◆ DATASET CONTENT ◆
=== Section Start ===

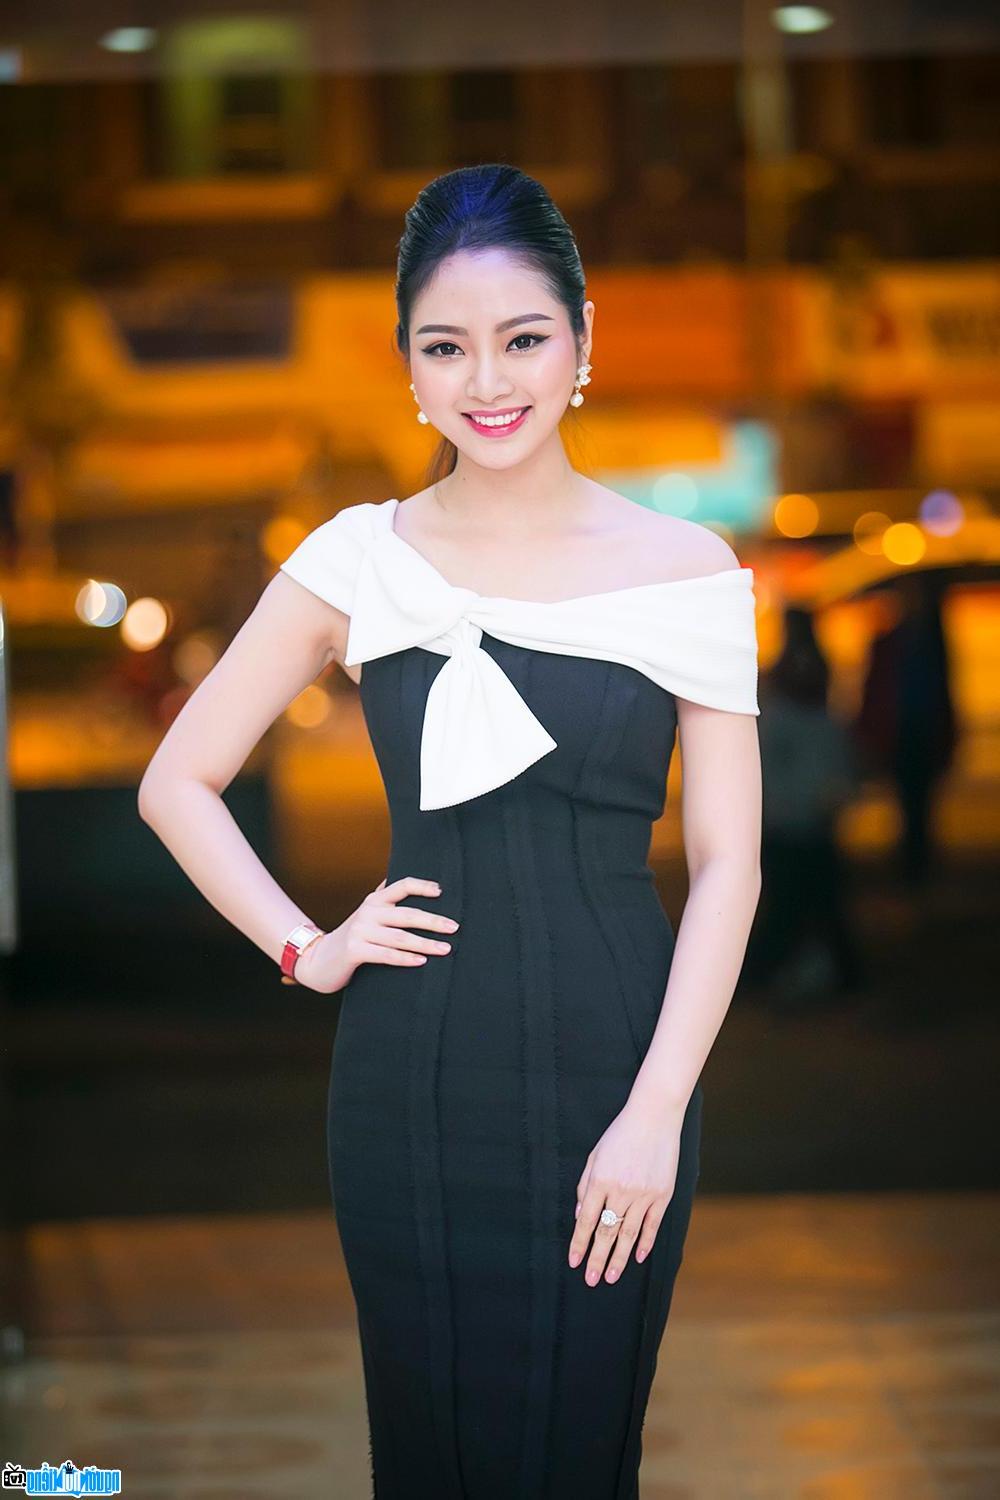 A new photo of Nguyen Ngoc Anh- the famous Miss Thanh Hoa- Vietnam
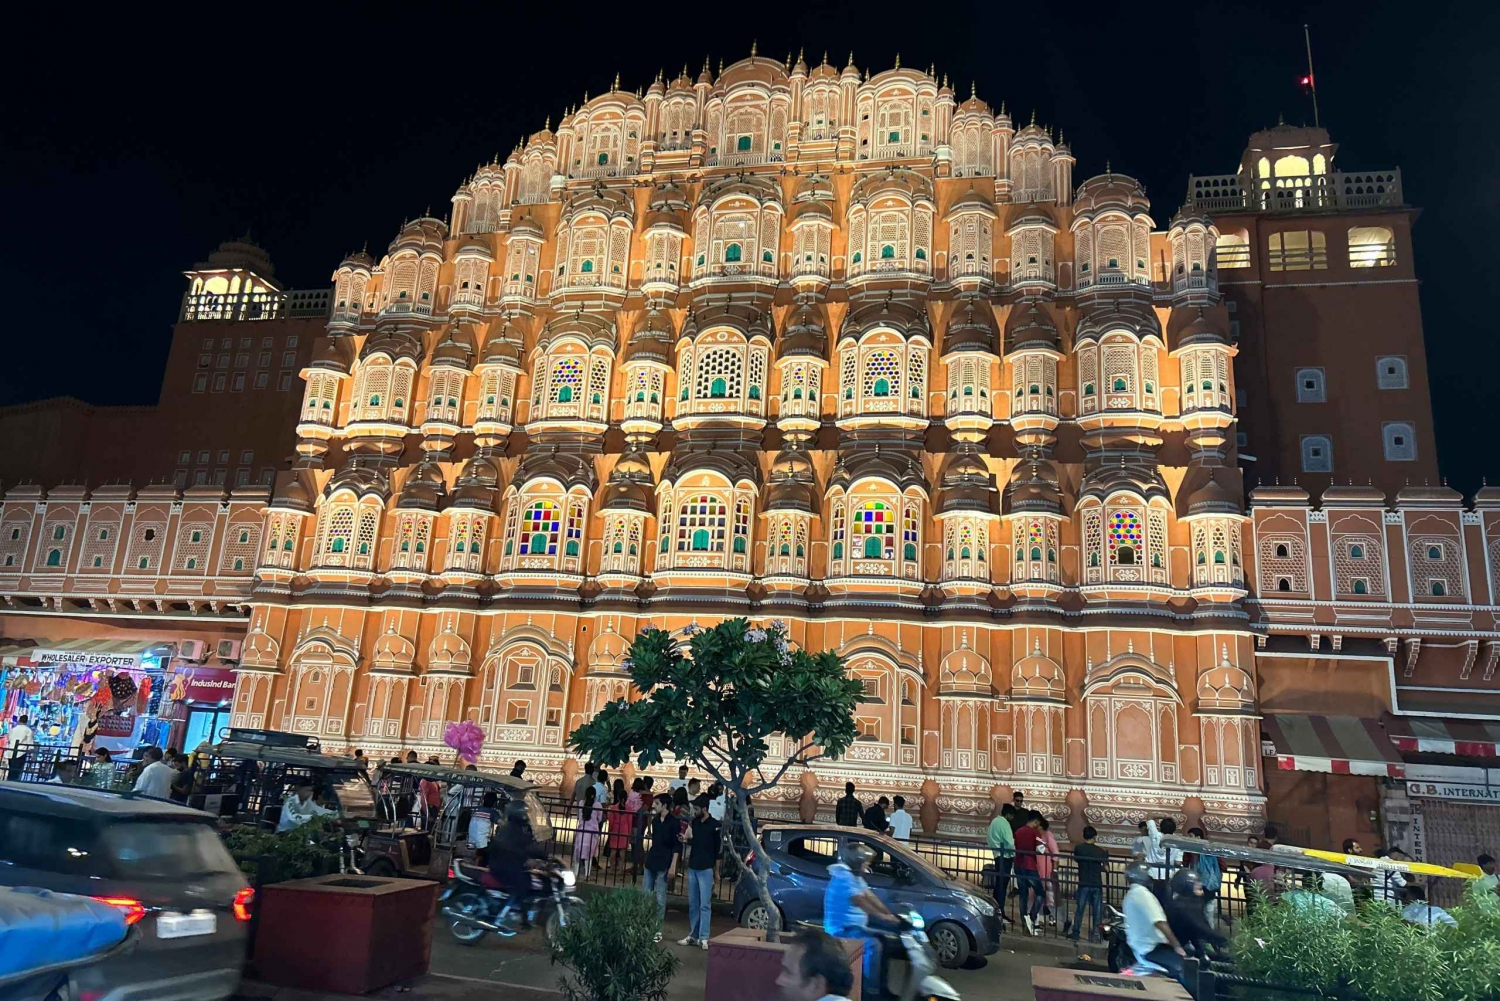 Jaipur: Guided Night Tour With Optional Food Tasting
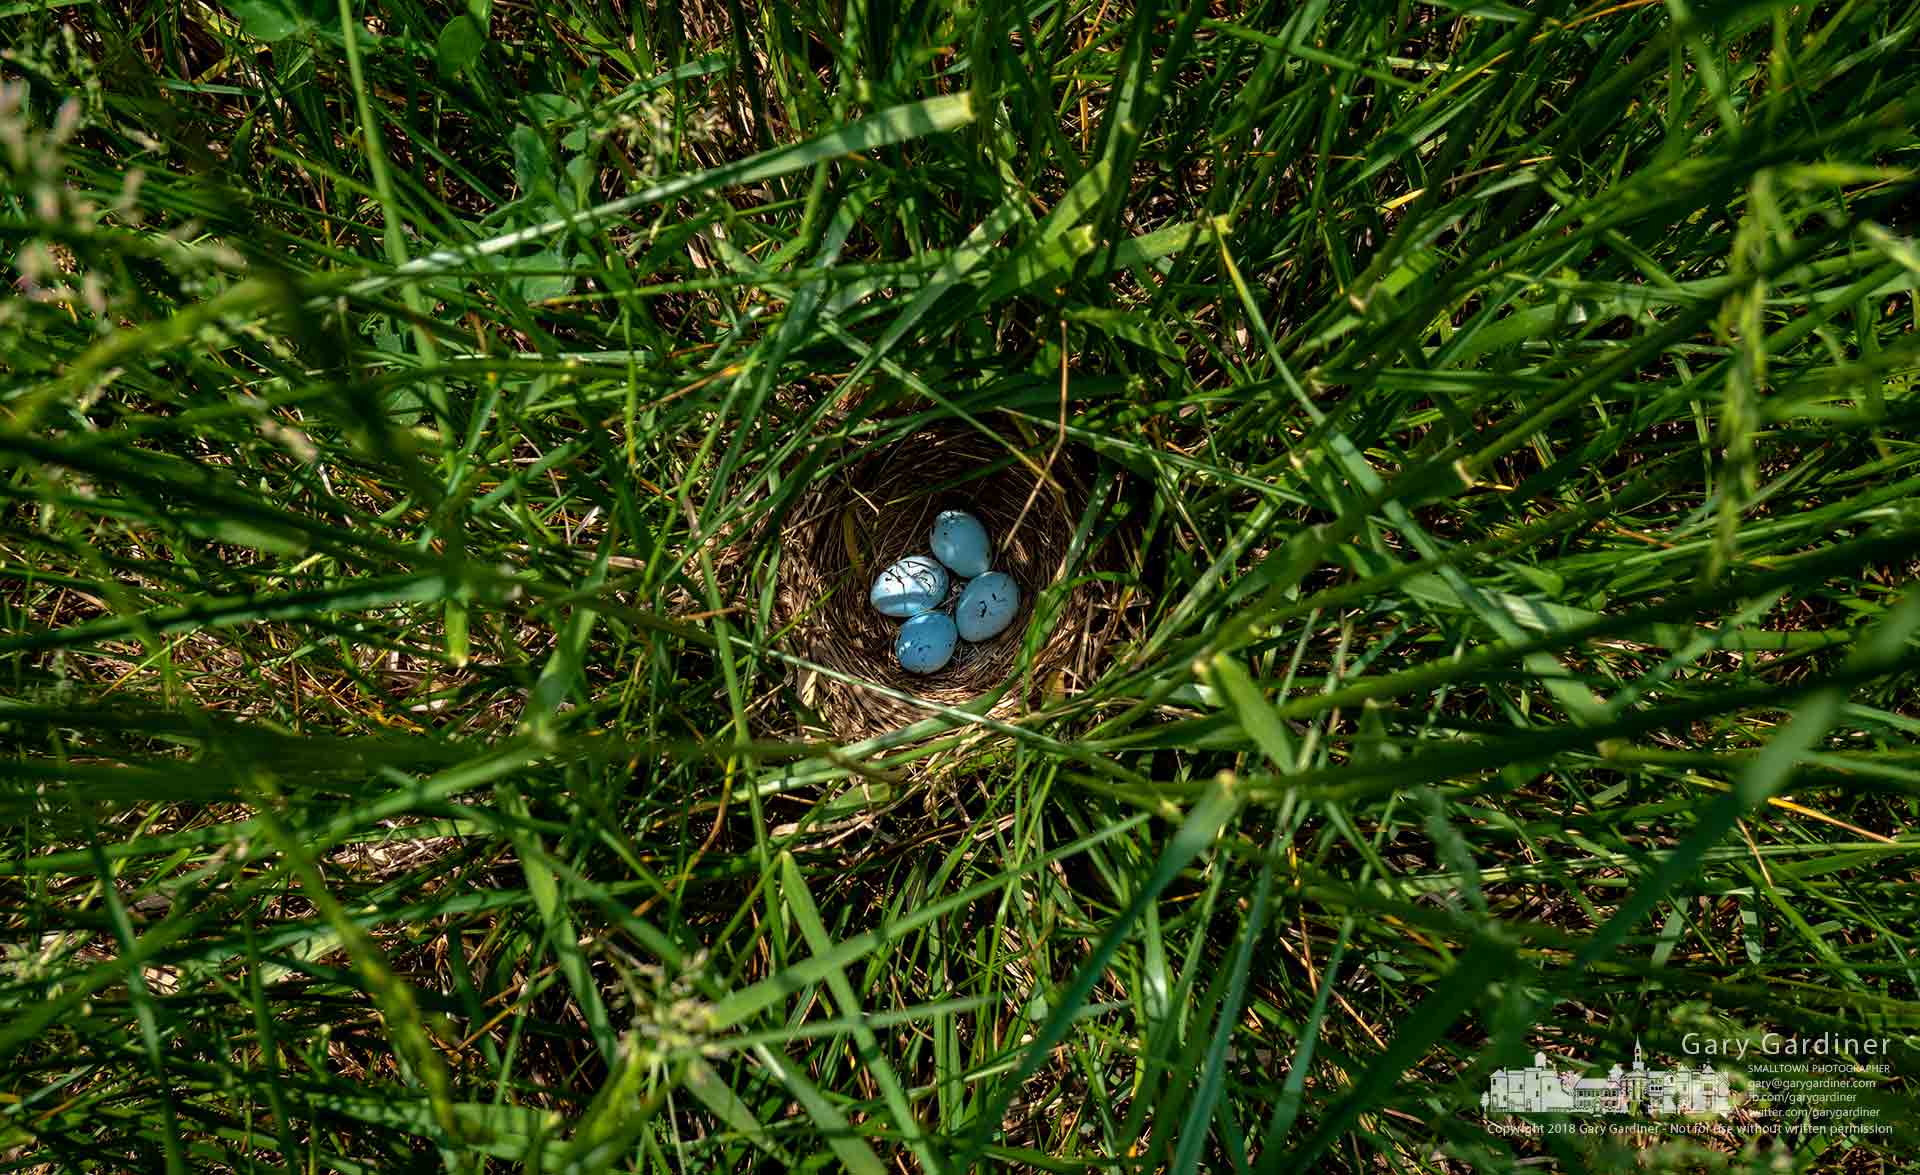 A red-winged blackbird nest with four eggs sits confined between tall stalks of hay grass in one of the fields at the Braun Farm. My Final Photo for May 21, 2018.

=== Section End ===

◆ YOUR TASK ◆
When a picture appears in the material, please pass over it while retyping the rest exactly.

◆ FINISHED TASK ◆
 A new photo of Nguyen Ngoc Anh- the famous Miss Thanh Hoa- Vietnam
 Jaipur: Guided Night Tour With Optional Food Tasting
 A red-winged blackbird nest with four eggs sits confined between tall stalks of hay grass in one of the fields at the Braun Farm. My Final Photo for May 21, 2018.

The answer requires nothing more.